No matter how a family is made up, each member plays a unique role in the function and structure of the family. Individual traits, skills and qualities all contribute to the family team in some way.

For parents, working together as a team is so important because it demonstrates what team work looks like. It will also show children how to communicate respectfully and how to build healthy relationships themselves.

Working as a team will also benefit each of you. Aside from the obvious benefits of working to your strengths and avoiding conflict, when we feel supported and encouraged, we tend to feel happier and more confident. This can then help you feel more satisfied with your parenting and life as a family.

For parents who are separated, the challenge is harder, but still an important goal to aim for. Finding appropriate and amicable divisions of duties is usually the most obvious difficulty, but ensuring consistent messaging and levels of support is often harder. Remembering in these cases that there is a common goal here (the child/children’s upbringing) will help as you find the necessary compromises.

There are a few core skills that will help you as parents. Remember that no parent finds this easy all the time, and we all benefit from learning and growing into our role.

Talking and listening: being able to communicate in ways that help you connect with each other and strengthen your relationship. The Same Page Technique I mentioned a few months ago can be a useful tool to help and can be found here.

Accept and value each other: spend time together on shared interests and take an interest in your partners hobbies.

Focus on solving problems: The Common Ground Technique is a useful tool to help with this skill (see earlier blog post). To do this, you both write down the issues you feel are present. Next try and identify strategies to help solve these issues together and prioritise them. This technique can also work for co-parenting too. It can help you see that you are working together to resolve some of the serious issues you are experiencing in the family.

Focus on one problem at a time and think of solutions to the problem together to determine which one works the best. Once this solution has been put into practise, give it time to see what happens.

Back each other up: Children are great at quietly observing you when you think they are not and they are great at playing you off against each other if they can benefit in some way! Creating family rules together can be a great way of letting everyone contribute and know where they stand. Have each member sign it and display it somewhere visible in the house. Decide on rewards and consequences together as parents and ensure you both follow them to encourage consistency.

Managing conflict: Managing conflict in a positive and constructive way is important not only for you both, but it will also demonstrate to your children how to manage conflict themselves. By being an active listener, you can validate how your partner feels and ensure you understand their point of view even if you may not agree with it. Using “I” rather than “you” statements can also be helpful to ensure you focus on the impact it has on you (e.g. “I feel frustrated when you”) rather than focusing on judgement of another (e.g. “you never…”)

This brings me to my final point.
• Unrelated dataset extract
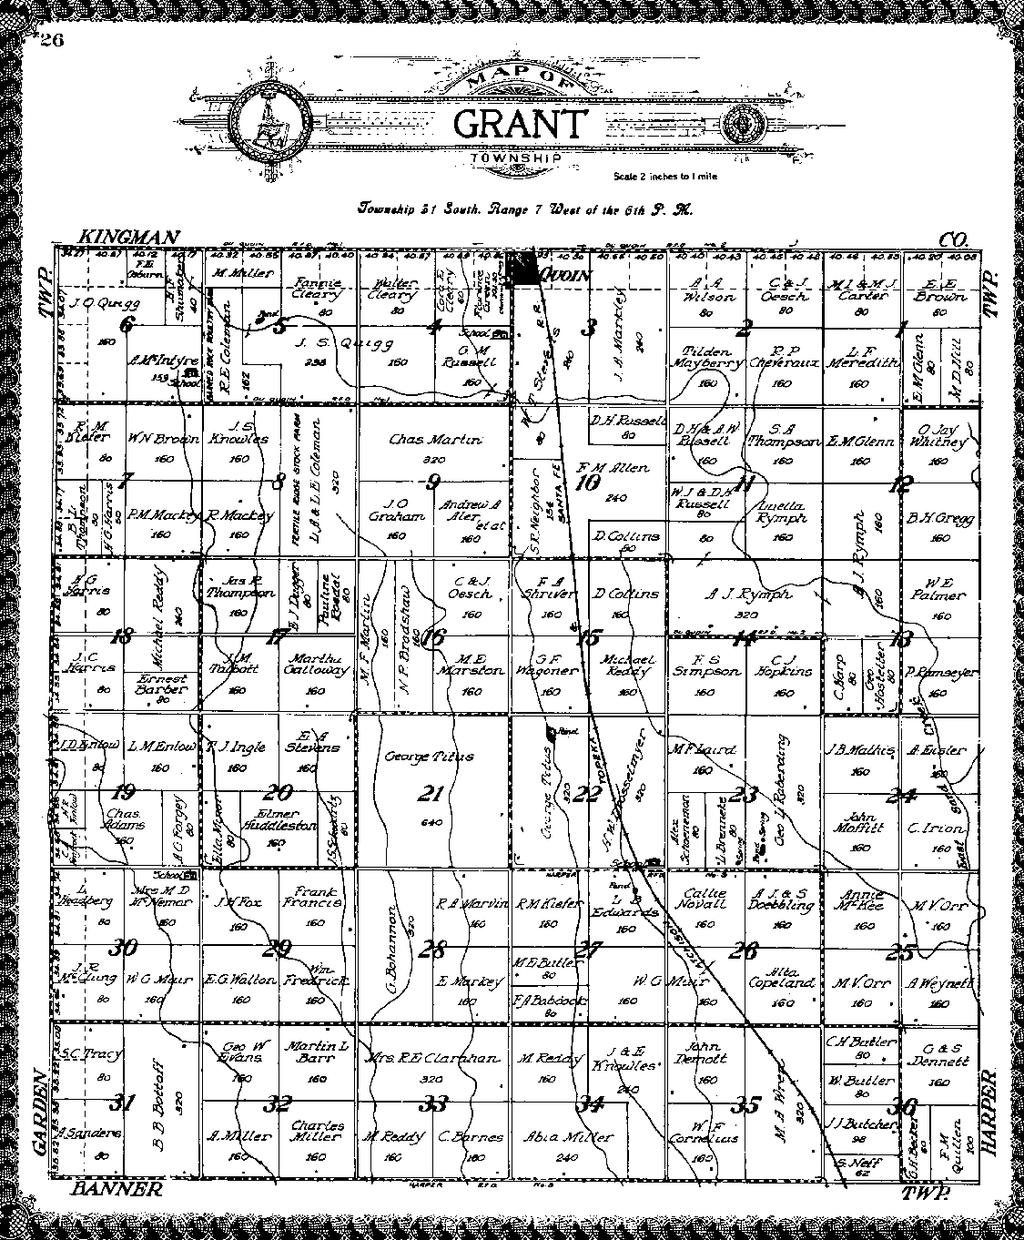 Land-ownership map of Grant Township, northern Harper County, Kansas, in 1919.

Working as a team can be hard and situations can be challenging and surprise us out of the blue but try to find the humour in them. Laughter can reduce stress. Laugh with your partner not at them! I remember once being frustrated when a child demanded I tie up her shoelace for her whilst I was in the middle of an important task. I politely suggested to her to go and find her manners. I started to feel myself becoming stressed when I noticed this child opening all the drawers and cupboards of the classroom. When I asked her what she was doing, she politely said “I’m trying to find my manners”.

Look after each other and spend time building these memories in the moments of family life together.